**Work task:** Pictures aside, repeat the listing below exactly.

**Material provided:**
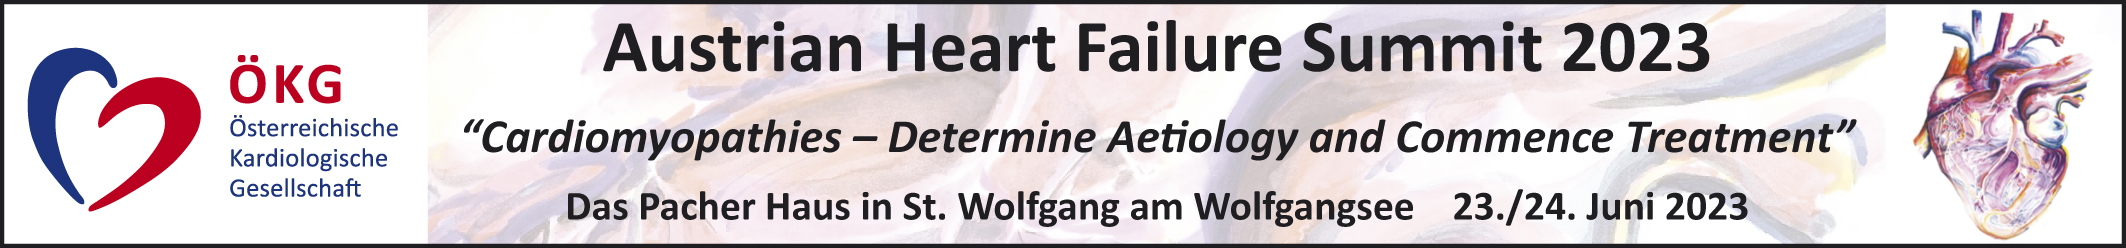 Austrian Heart Failure Summit 2023
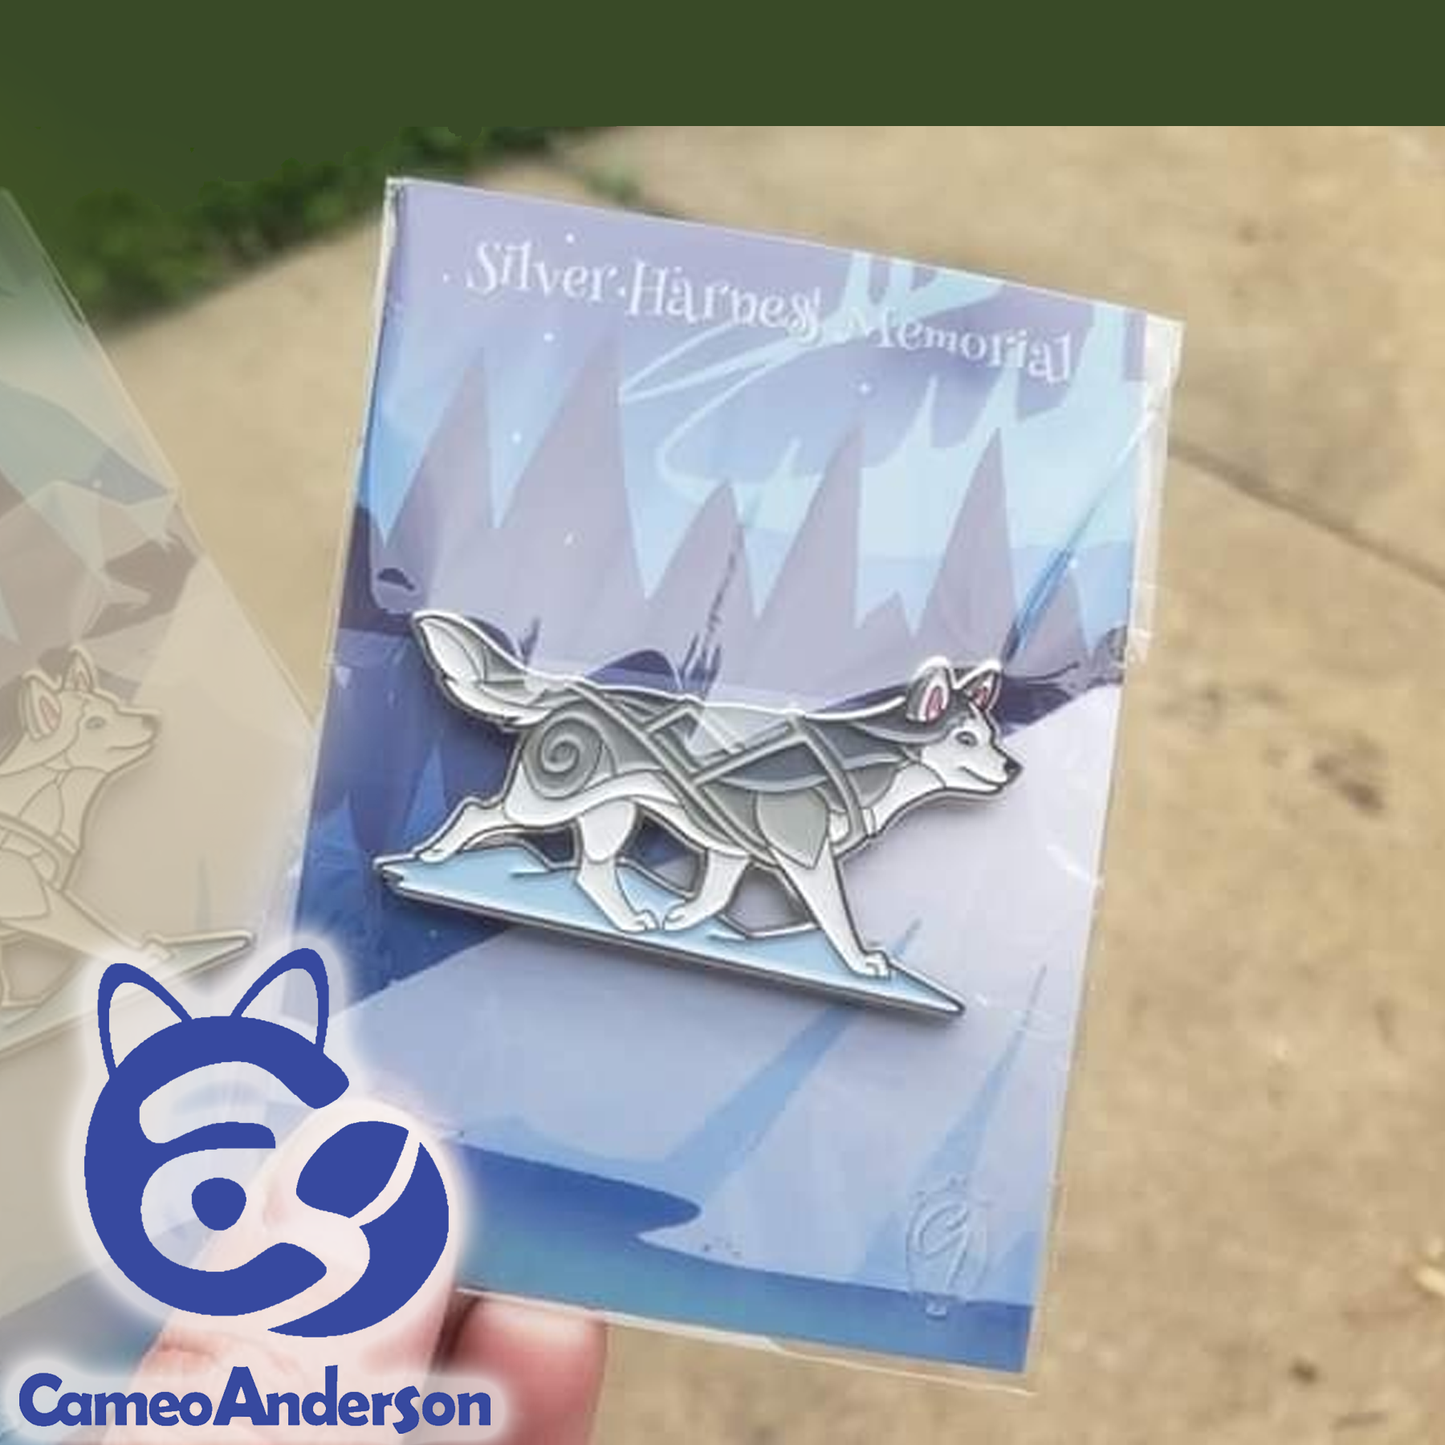 Silver Harness Siberian Husky Memorial Pins || Cameo Anderson
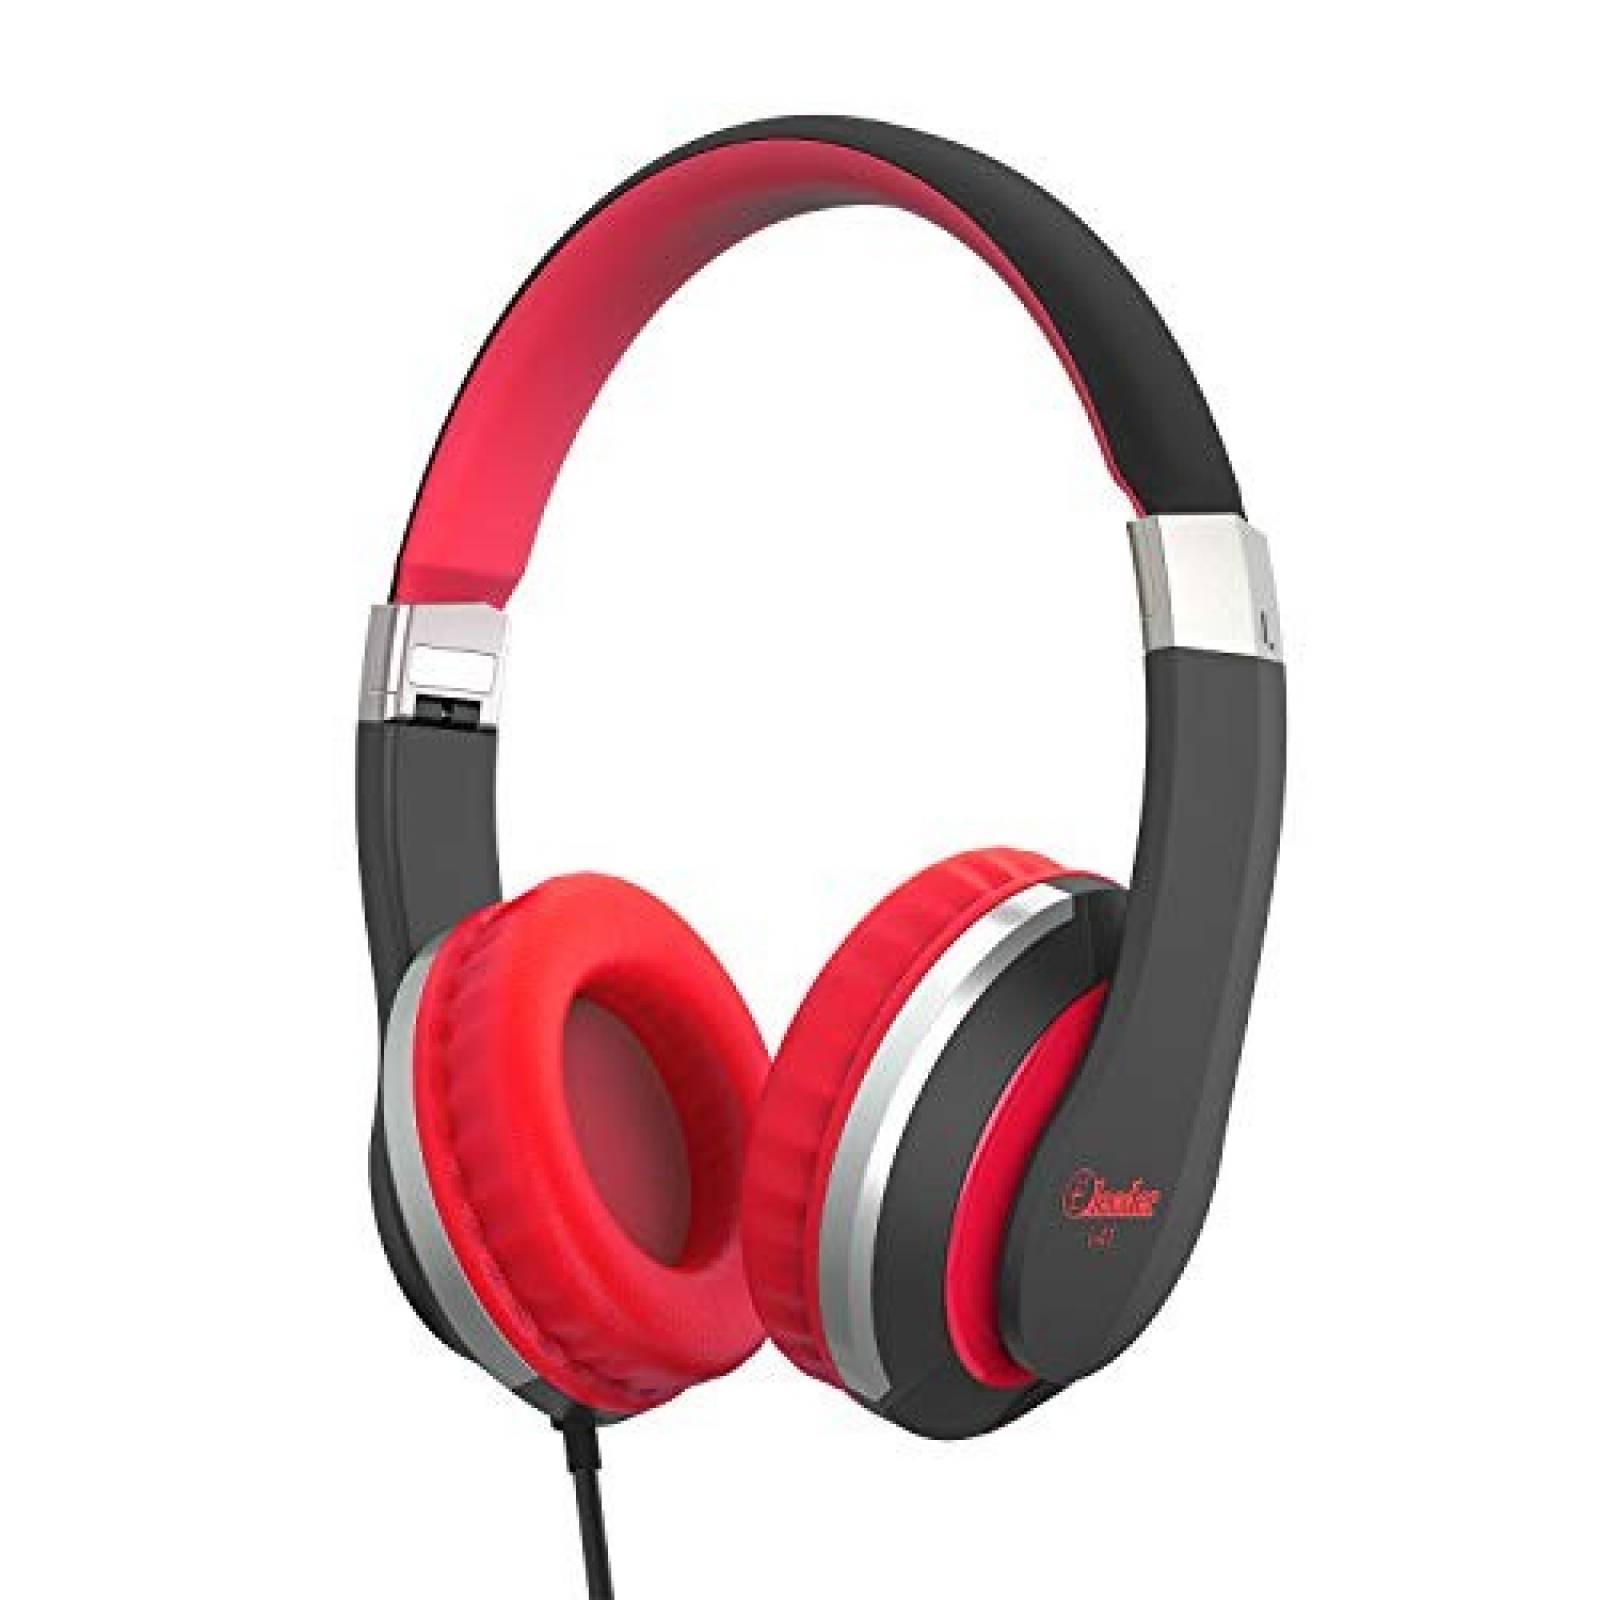 Audifonos ELECDER i41 Plegables Ajustables -Negro Rojo

**Result of this task:**
 Austrian Heart Failure Summit 2023
 Silver Harness Siberian Husky Memorial Pins || Cameo Anderson
 Audifonos ELECDER i41 Plegables Ajustables -Negro Rojo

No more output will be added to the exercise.